Combination Chemotherapy and Bevacizumab in Treating Patients With Advanced Neuroendocrine Tumors


RATIONALE: Drugs used in chemotherapy, such as fluorouracil, leucovorin, and oxaliplatin, work in different ways to stop the growth of tumor cells, either by killing the cells or by stopping them from dividing. Monoclonal antibodies, such as bevacizumab, can block tumor growth in different ways. Some block the ability of tumor cells to grow and spread. Others find tumor cells and help kill them or carry tumor-killing substances to them. Bevacizumab may also stop the growth of neuroendocrine tumors by blocking blood flow to the tumor. Giving combination chemotherapy together with bevacizumab may kill more tumor cells. PURPOSE: This phase I/II trial is studying the side effects of giving combination chemotherapy together with bevacizumab and to see how well it works in treating patients with advanced neuroendocrine tumors.
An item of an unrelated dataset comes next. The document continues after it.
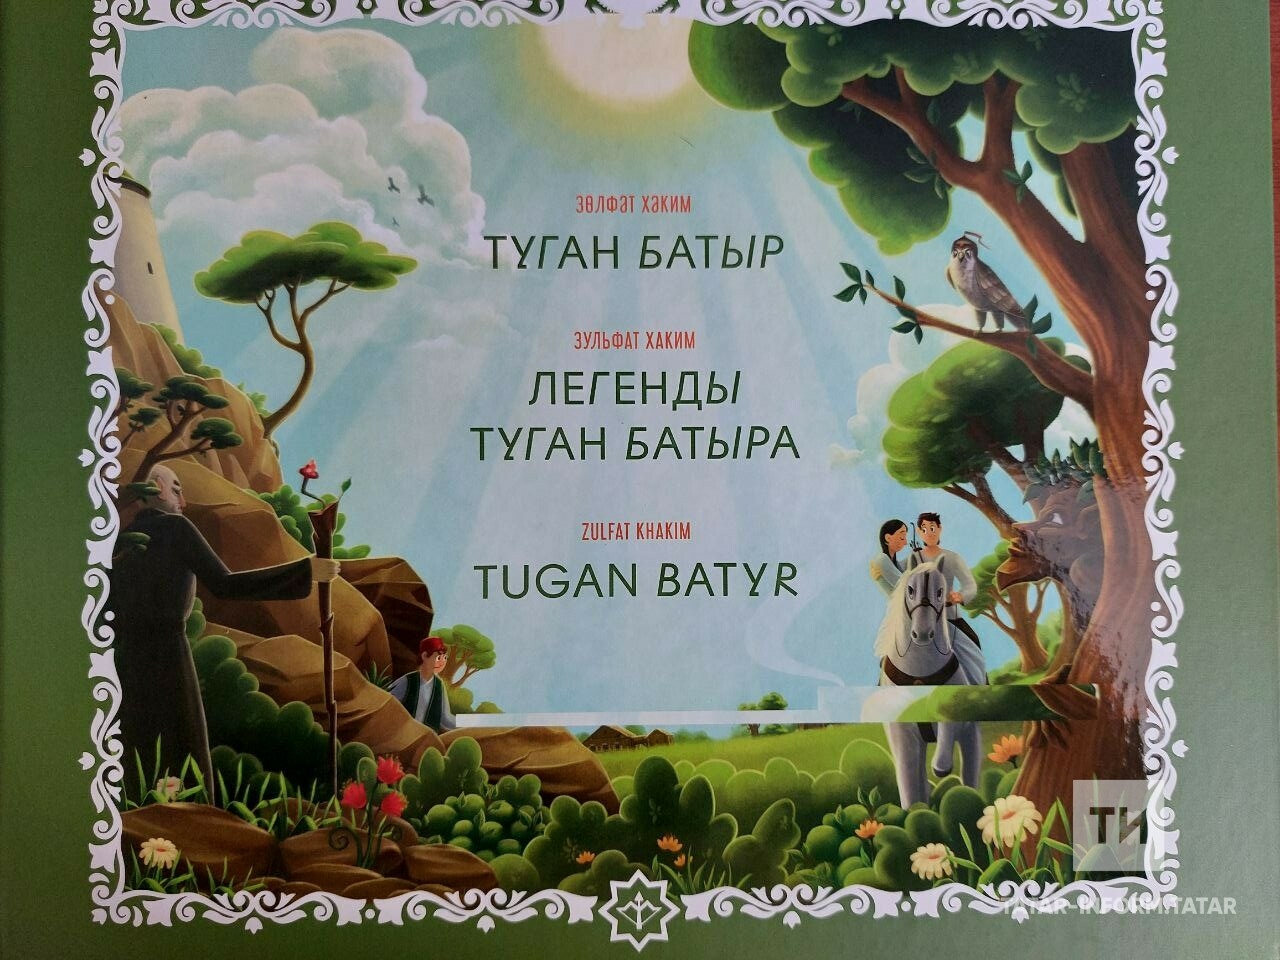 Татар балалары өчен яңа татар герое – Туган батыр барлыкка килде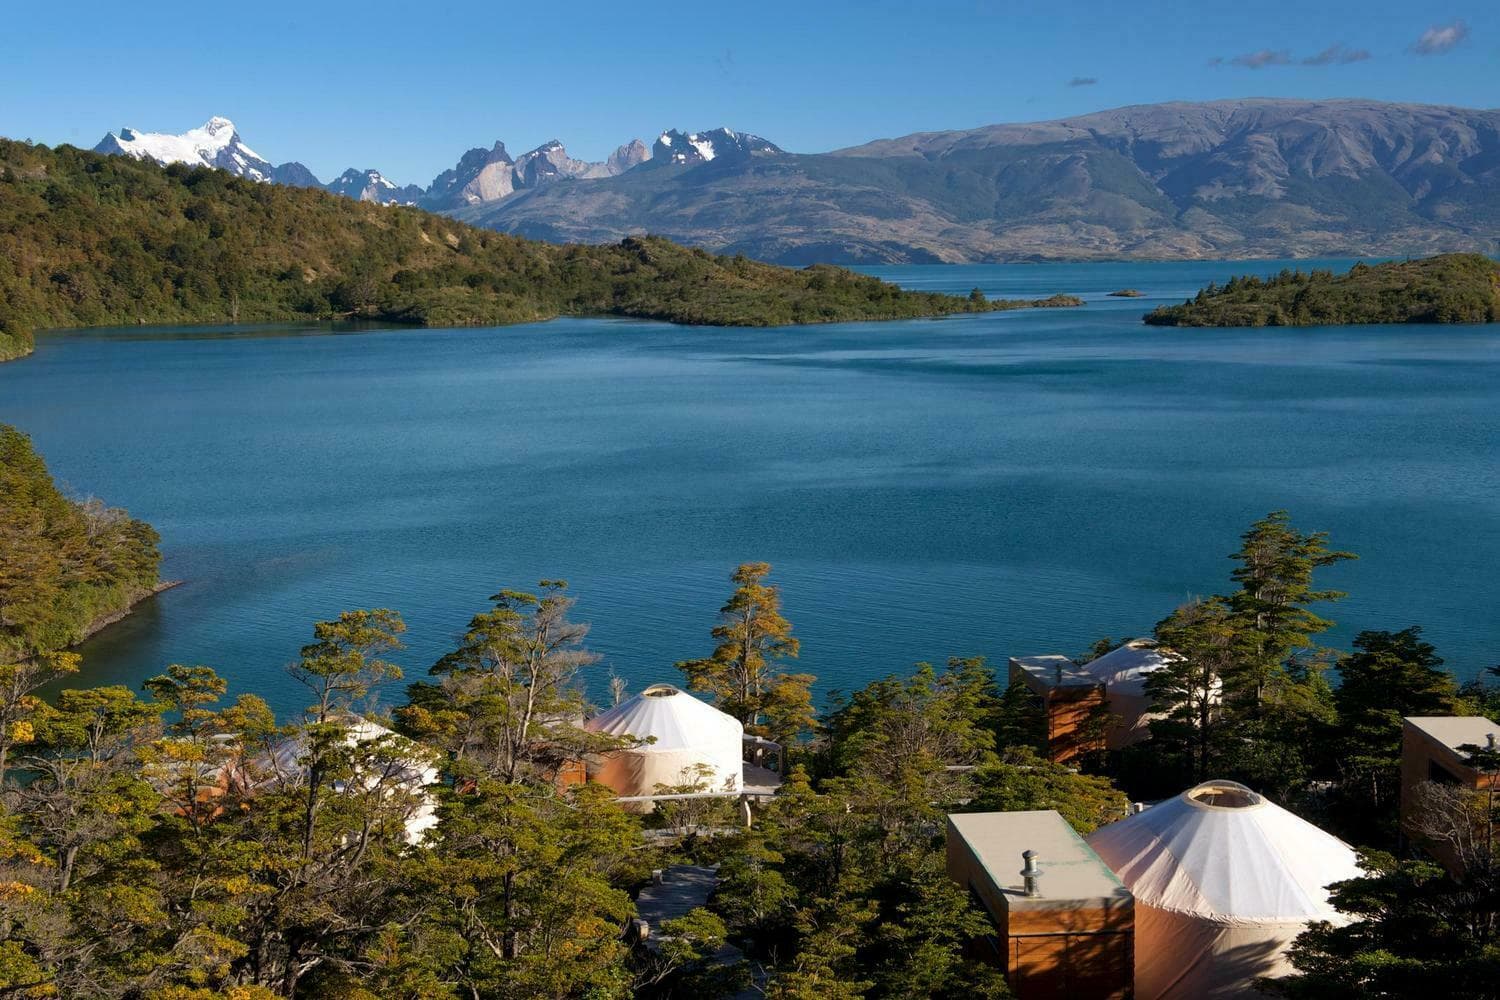 Chile patagonia torres del paine patagonia camp yurts and lake

Full Title of Study: “A Pilot Study of FOLFOX in Combination With Bevacizumab in Patients With Advanced Neuroendocrine Tumors”

Study Type

  • Study Type: Interventional
  • Study Design
    • Allocation: N/A
    • Intervention Model: Single Group Assignment
    • Primary Purpose: Treatment
    • Masking: None (Open Label)
  • Study Primary Completion Date: January 2012

Detailed Description

OBJECTIVES: Primary – Determine the safety of fluorouracil, leucovorin calcium, and oxaliplatin (FOLFOX) with bevacizumab in patients with advanced neuroendocrine tumors. – Determine the best overall response rate in patients treated with this regimen. Secondary – Determine the overall survival of patients treated with this regimen. – Determine the time to treatment failure and progression in patients treated with this regimen. – Determine the biochemical marker response in patients treated with this regimen. OUTLINE: This is an open-label, pilot study. Patients are stratified according to tumor type (carcinoid vs islet cell vs poorly differentiated neuroendocrine). Patients receive oxaliplatin IV over 2 hours and leucovorin calcium IV over 2 hours on day 1 and fluorouracil IV continuously over 46-48 hours beginning on day 1. Patients also receive bevacizumab IV over 30-90 minutes on day 1. Treatment repeats every 14 days for up to 26 courses in the absence of disease progression or unacceptable toxicity. After completion of study treatment, patients are followed every 3 months. PROJECTED ACCRUAL: A total of 39-102 patients (13-34 per stratum) will be accrued for this study.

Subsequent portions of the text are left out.